The sales pitch for private placements usually includes mention that you are being given the opportunity to invest in a quickly growing company before its shares become publicly available, and once the company has its Initial Public Offering (IPO), you’ll be able to sell your shares over a stock exchange for a large profit. However, it is important to know that nobody can guarantee that any business will ever even have an IPO. This means you may have an investment that could be impossible to sell.
The JOBS Act has made two changes to the laws governing private placements that affect the average investor. First, companies are now allowed to advertise their private placement offerings to the public at large. While the law states that firms may only seek accredited investors through mass advertising, there is a risk that many more non-accredited investors will become aware of these investment opportunities. This makes it increasingly likely that an individual will be roped into investing in a private placement that is not a suitable investment given their investing knowledge and goals.

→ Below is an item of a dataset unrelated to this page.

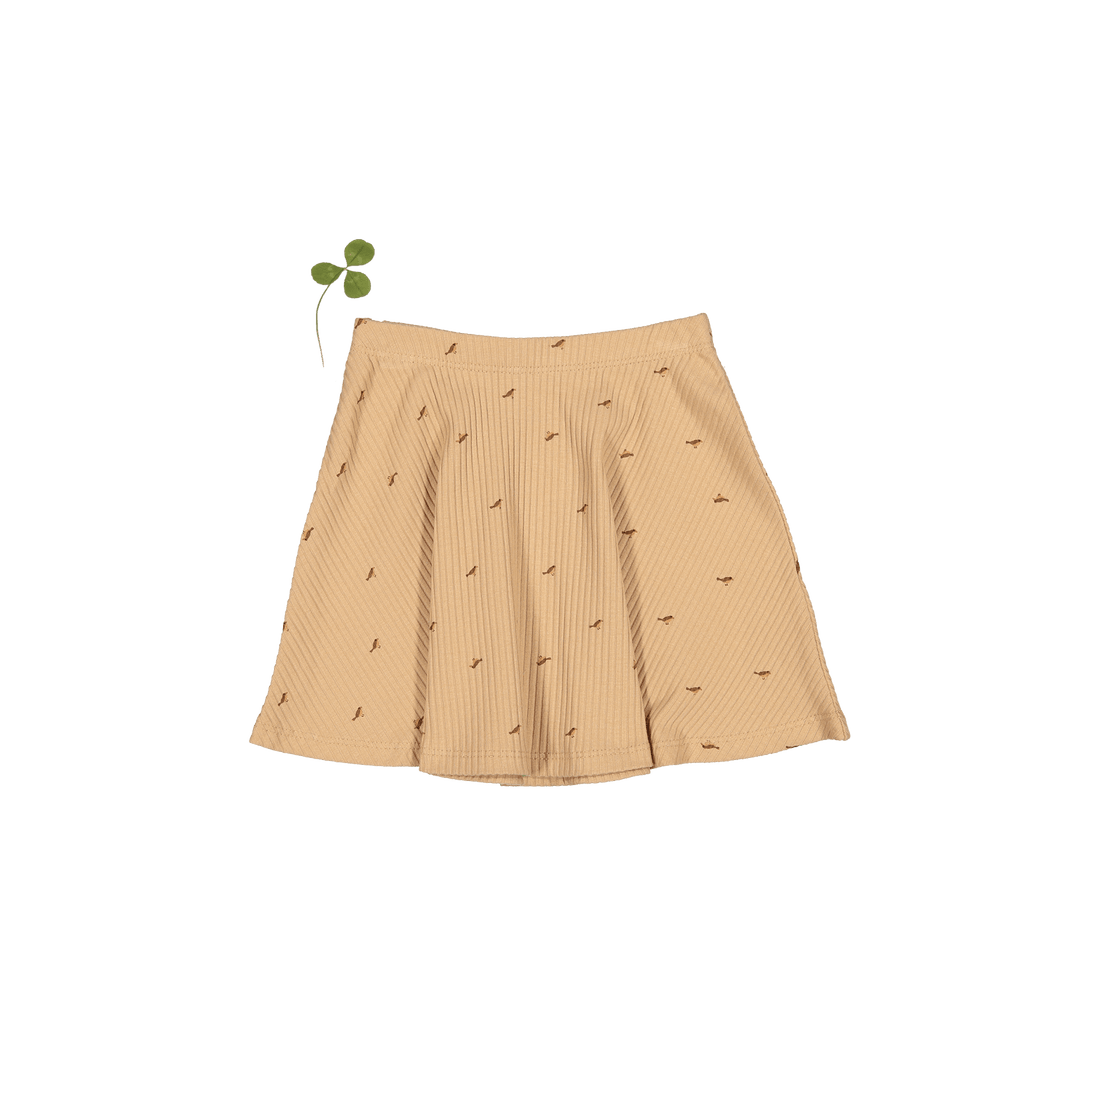 The Printed Skirt - Birdsong

The second major change brought on by the JOBS Act is the legitimization of “crowdfunding” as a means of selling an ownership stake in a business. Crowdfunding allows business to sell small ownership stakes to large amounts of individuals. It’s important to remember that crowdfunding investments carry many of the same risks as private placements. It is difficult to determine the financial health of a crowdfunding investment, it may never become a public company and you may never be able to resell your ownership stake.
Your first line of defense in protecting yourself from being duped into a bad investment in a private company is to ask: Why me? If you can answer the question of “Why me?” with an answer that makes sense, investigate the person who is trying to sell this investment to you. Use FINRA’s BrokerCheck to verify that they are properly licensed to sell securities. FINRA also recommends checking to see if the person offering you investment securities has served time in federal prison. Time served could be a very good indication that you are dealing with a con-artist.
If the person selling you the investment checks out, do some research on the company you would be investing in. Read the offering materials in full and search the web for information about the company.
Finally, never invest more than you can afford to lose. Even legitimate private placement offerings, sold by legitimate dealers, are highly risky investments. You could do everything right, and still lose your entire investment.